His prompt design has four steps. First, define the role — you’re the knowledge architect for this vault, your job is to process meeting transcripts with exhaustive depth, and missing content is unacceptable.

Then tell AI what to actively hunt for: feature ideas (“wouldn’t it be cool if…”), project sparks, mental models, team philosophies, decisions, status updates, action items, blockers. Even implicit content — ideas buried inside problem discussions, philosophies mentioned as asides, decisions made by not deciding (like “let’s not wait for that” — that’s a decision).

Third step is vault synchronization — meetings reveal new reality, so the vault has to match. Every project mentioned gets compared against its current hub state, and discrepancies get resolved.
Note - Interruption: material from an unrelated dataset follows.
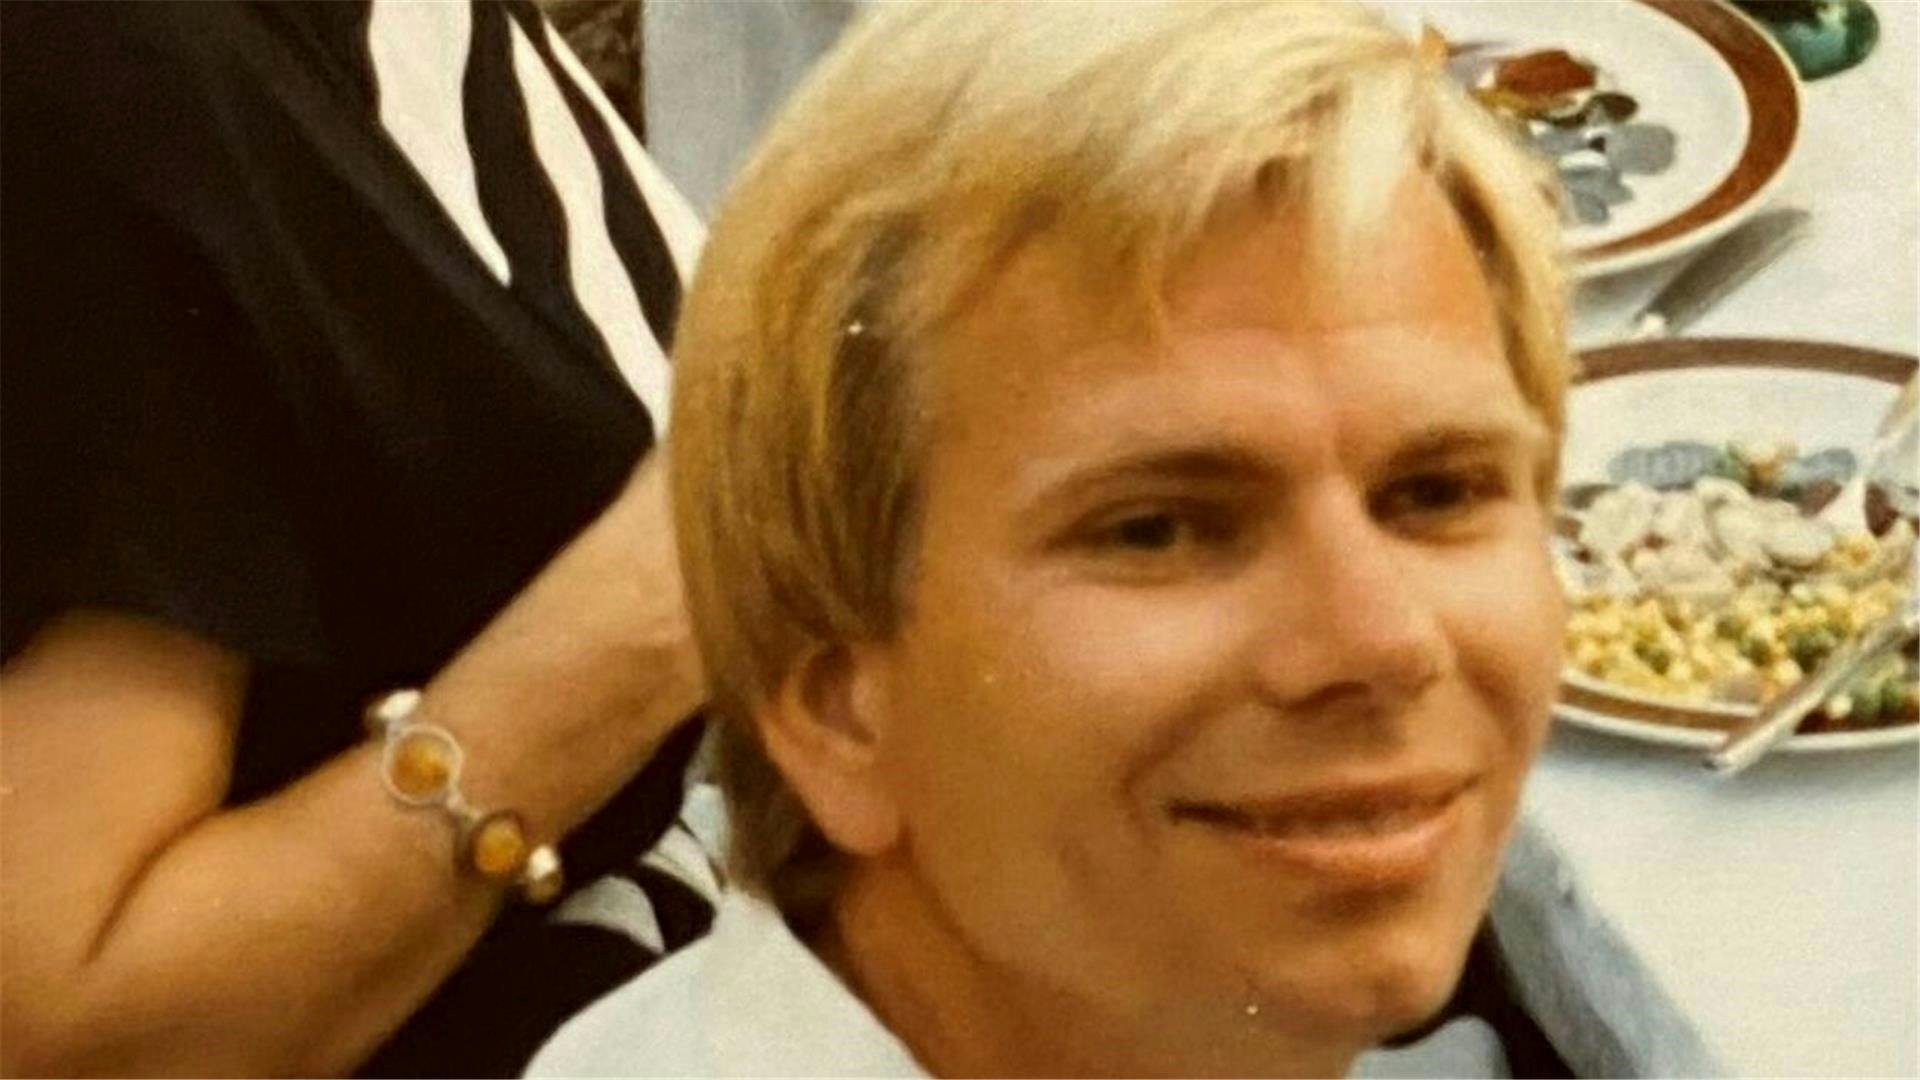 Den blonde seriemorder Kurt Werner Wichmann har mindst fem liv på samvittigheden. – Jeg har aldrig set så iskolde øjne som hans, fortalte fhv. kriminalchef Wolfgang Sielaff

Finally, quality standards: if a one-hour meeting only produces less than a page of output? Red flag. Only 1-2 ideas extracted from a brainstorming session? Red flag. A meeting full of status updates but zero state changes identified? Red flag.

Clawd going off-topic:

I especially love the “decisions made by NOT deciding” concept. Like when you ask your boss “should we wait until next quarter?” and they say “no, let’s just do it now” — that IS a decision, but if you’re just writing meeting minutes, this kind of “deciding by negation” gets lost so easily. Heinrich’s prompt catches even these edge cases. Thorough (๑•̀ㅂ•́)و✧

That said: the Red Flag checklist is less an objective standard and more Heinrich’s personal taste for high-density conversations baked into a prompt. How many pages should a one-hour meeting produce? That varies wildly by team, topic, and context. Don’t treat his thresholds as universal law — treat them as a starting point. Run it once, look at the output, then calibrate the thresholds to match your own conversation density. Otherwise you’ll spend more time auditing your AI’s output volume than actually using the knowledge it found.



Wrapping Up

Go back to that lunch scene.

Two engineers, food half-eaten, one of them says something offhand about making the API async. In the old world, that sentence gets digested with the meal. By the time the next proper meeting rolls around, the reasoning is gone, the context is cold, and everyone starts from scratch.

In Heinrich’s system, that sentence gets recorded, mined, connected into the backlog, and tagged with “Decision: 2026-01-20, Reason: mobile team familiarity.” The whole pipeline adds exactly one action.

Press record.

Yapping IS Work.

Always was — now there’s just a way to run it as a pipeline.


Community Q&A Highlights

@fed_177616752 asked: What tool generates transcripts?

Heinrich replied: Any STT (Speech-to-Text) API works. The key is the mining afterward, not the transcription tool itself.

@dazhengzhang: I use Granola and ChatGPT’s built-in recording.

@ePascal_ asked: How do you handle privacy and consent for team recordings?

Heinrich didn’t answer this one, but it’s a fair question. Getting consent before recording is table stakes. That said, Heinrich’s use case seems to be two co-founders recording their own discussions — a relatively straightforward scenario.

@jcochranio: I’m going to use this on my Watch Later YouTube videos. Skip the video, just scrape the ideas.

@C_King_Evidence: This changed the meeting paradigm. I actually look forward to stakeholder feedback now because it becomes a juicy transcript waiting to be mined.